Here, references to results are made by index. For instance, in triple (1), `(0)` refers to the result of the operation at index 0.

| # | op | arg1 | arg2 |
|---|---|---|---|
| 0 | `+` | `a` | `b` |
| 1 | `uminus` | `(0)` | |
| 2 | `*` | `(0)` | `(1)` |
| 3 | `=` | `w` | `(2)` |

Indirect Triples:

The triples themselves are the same as above. The execution order is given by a separate instruction list.

| Instruction List | | Triple Array | # | op | arg1 | arg2 |
|---|---|---|---|---|---|---|
| 35 | `(0)` | | `0` | `+` | `a` | `b` |
| 36 | `(1)` | | `1` | `uminus` | `(0)` | |
| 37 | `(2)` | | `2` | `*` | `(0)` | `(1)` |
| 38 | `(3)` | | `3` | `=` | `w` | `(2)` |

If an optimization decided to swap instructions 36 and 37 (if it were legal), we would only need to swap the pointers in the instruction list, leaving the triple array untouched.

---

#
## 3. Directed Acyclic Graphs (DAGs)

A Directed Acyclic Graph (DAG) is a more compact representation of an expression that is particularly useful for identifying common subexpressions.

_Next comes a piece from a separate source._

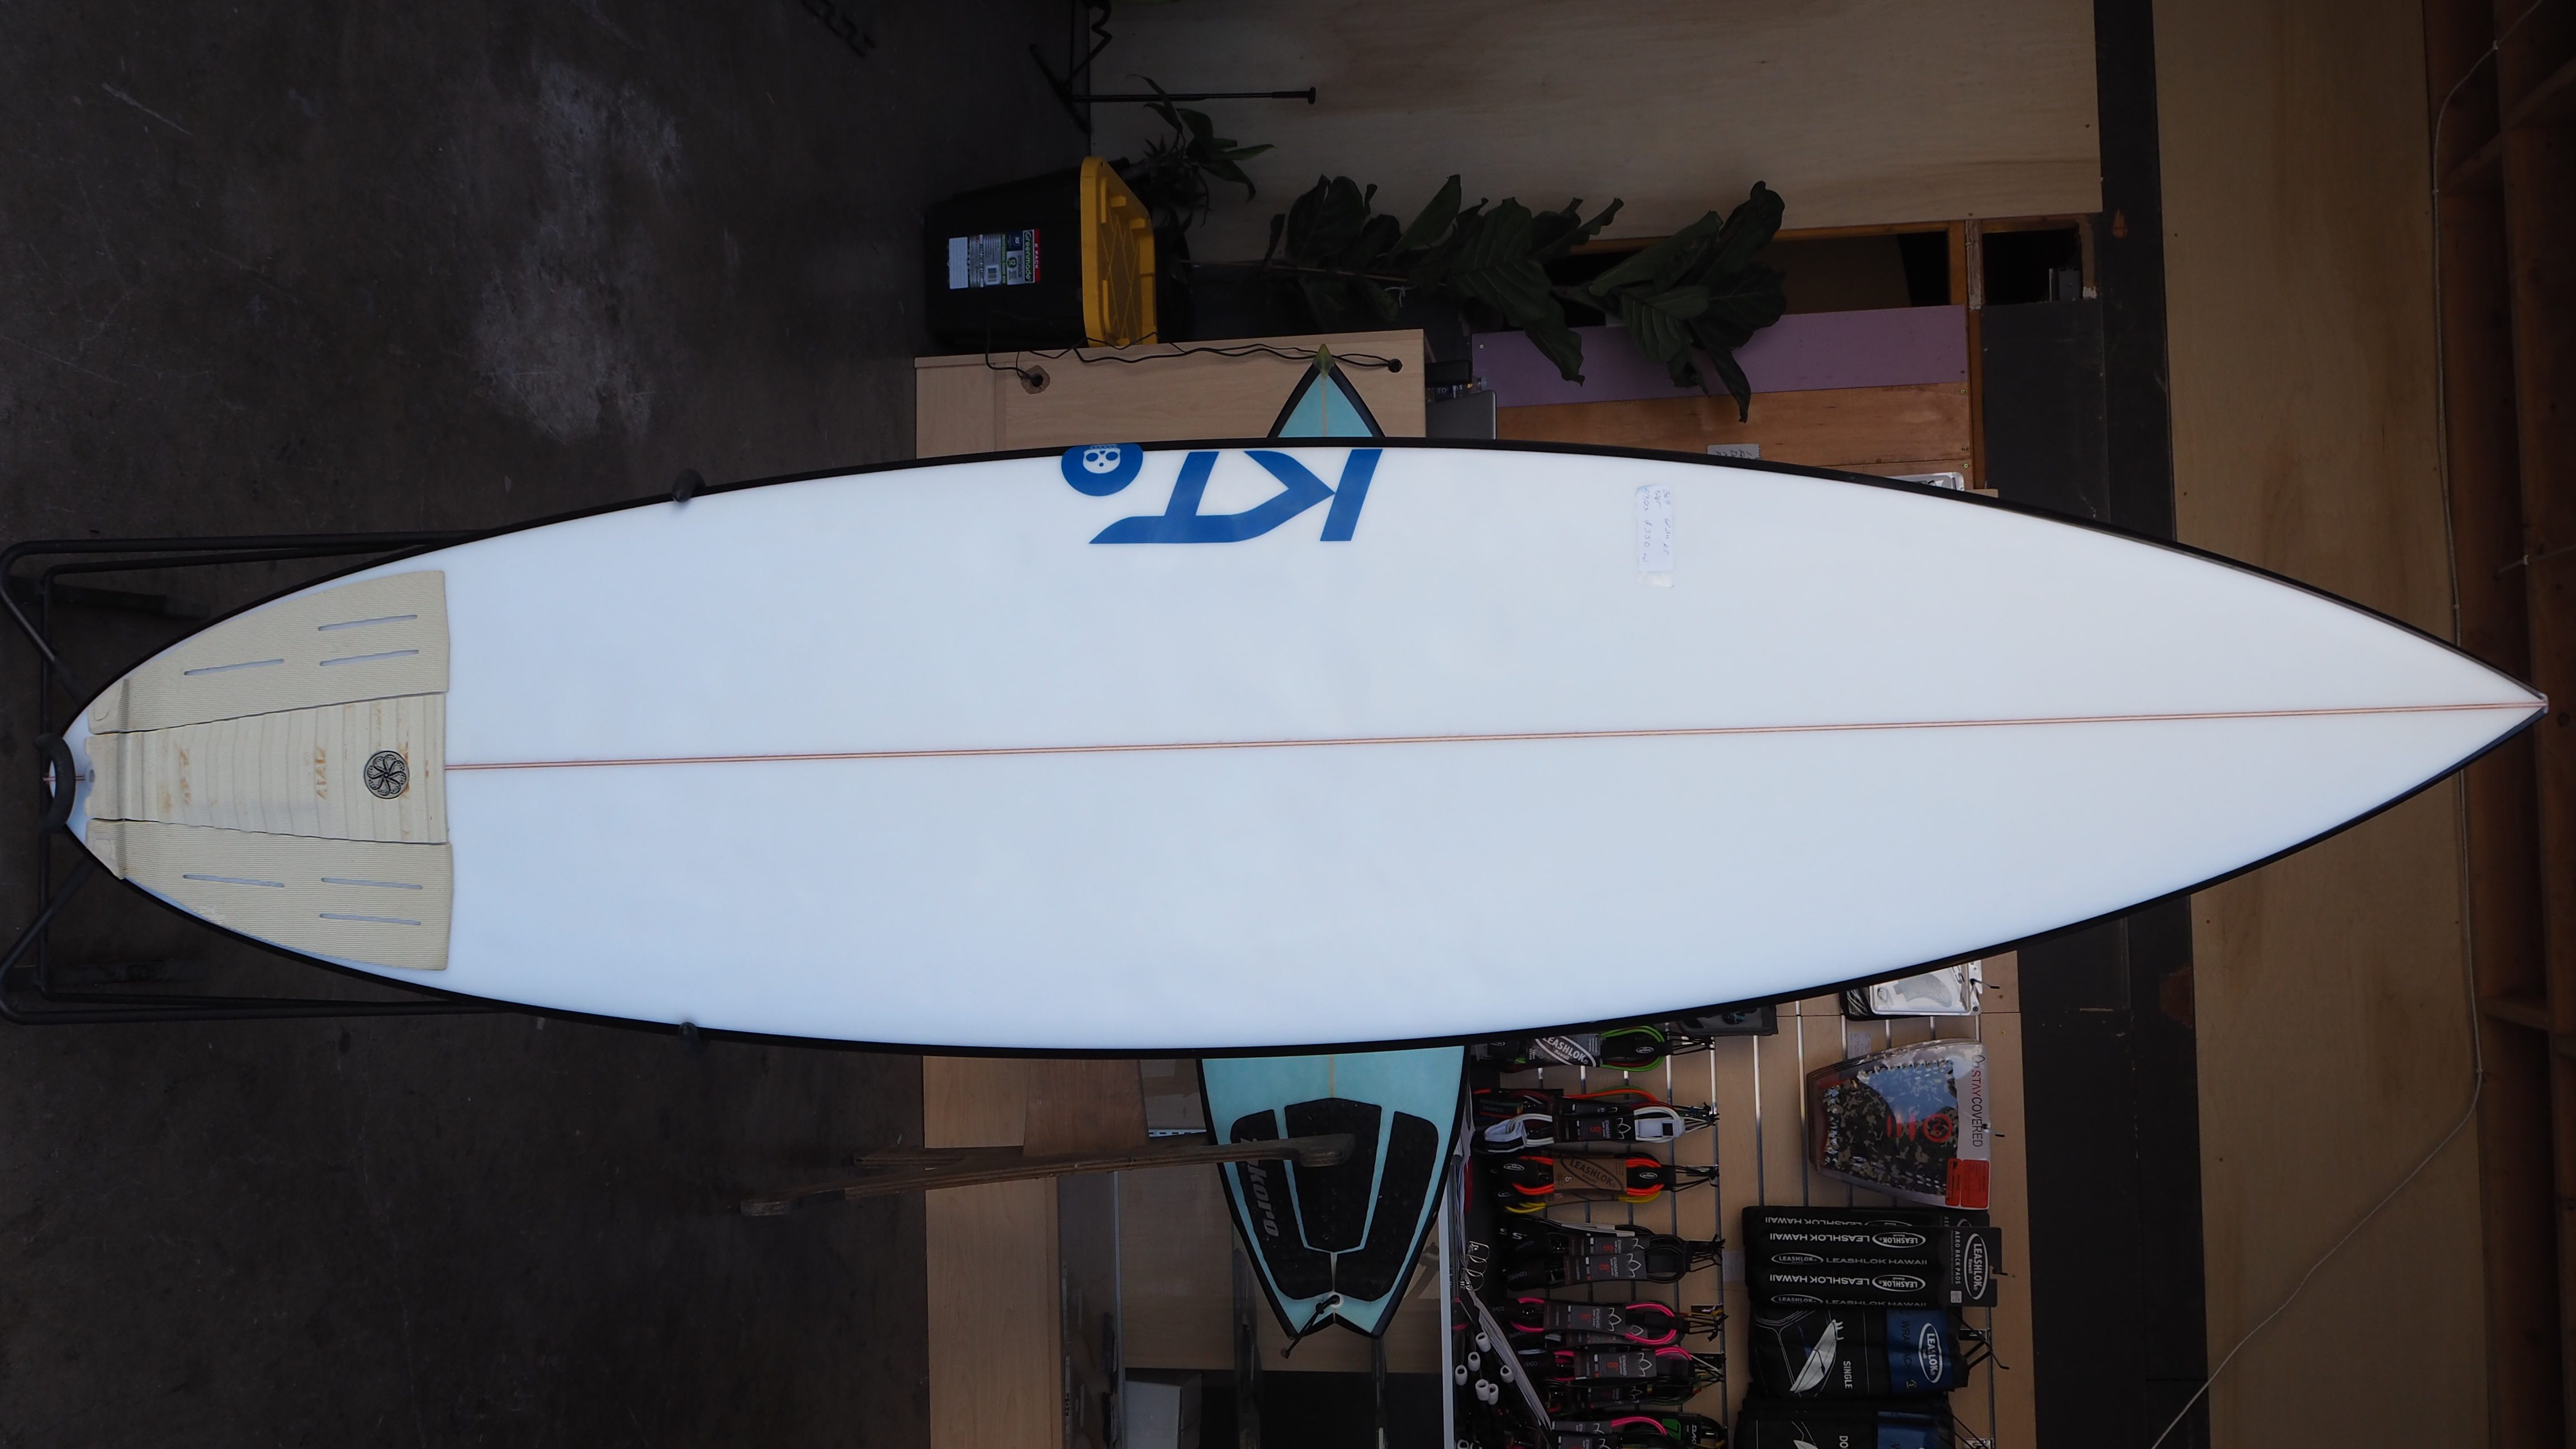 Used Surfboards Hawaii – Used Surfboards Hawaii

In a DAG:

• Interior nodes represent operators.


• Leaf nodes represent variables or constants.


• A node can have multiple parents if its computed value is used in several places.

This structure naturally eliminates redundancy.

Worked Example:

Problem: Construct the DAG for the following code segment and determine the number of nodes.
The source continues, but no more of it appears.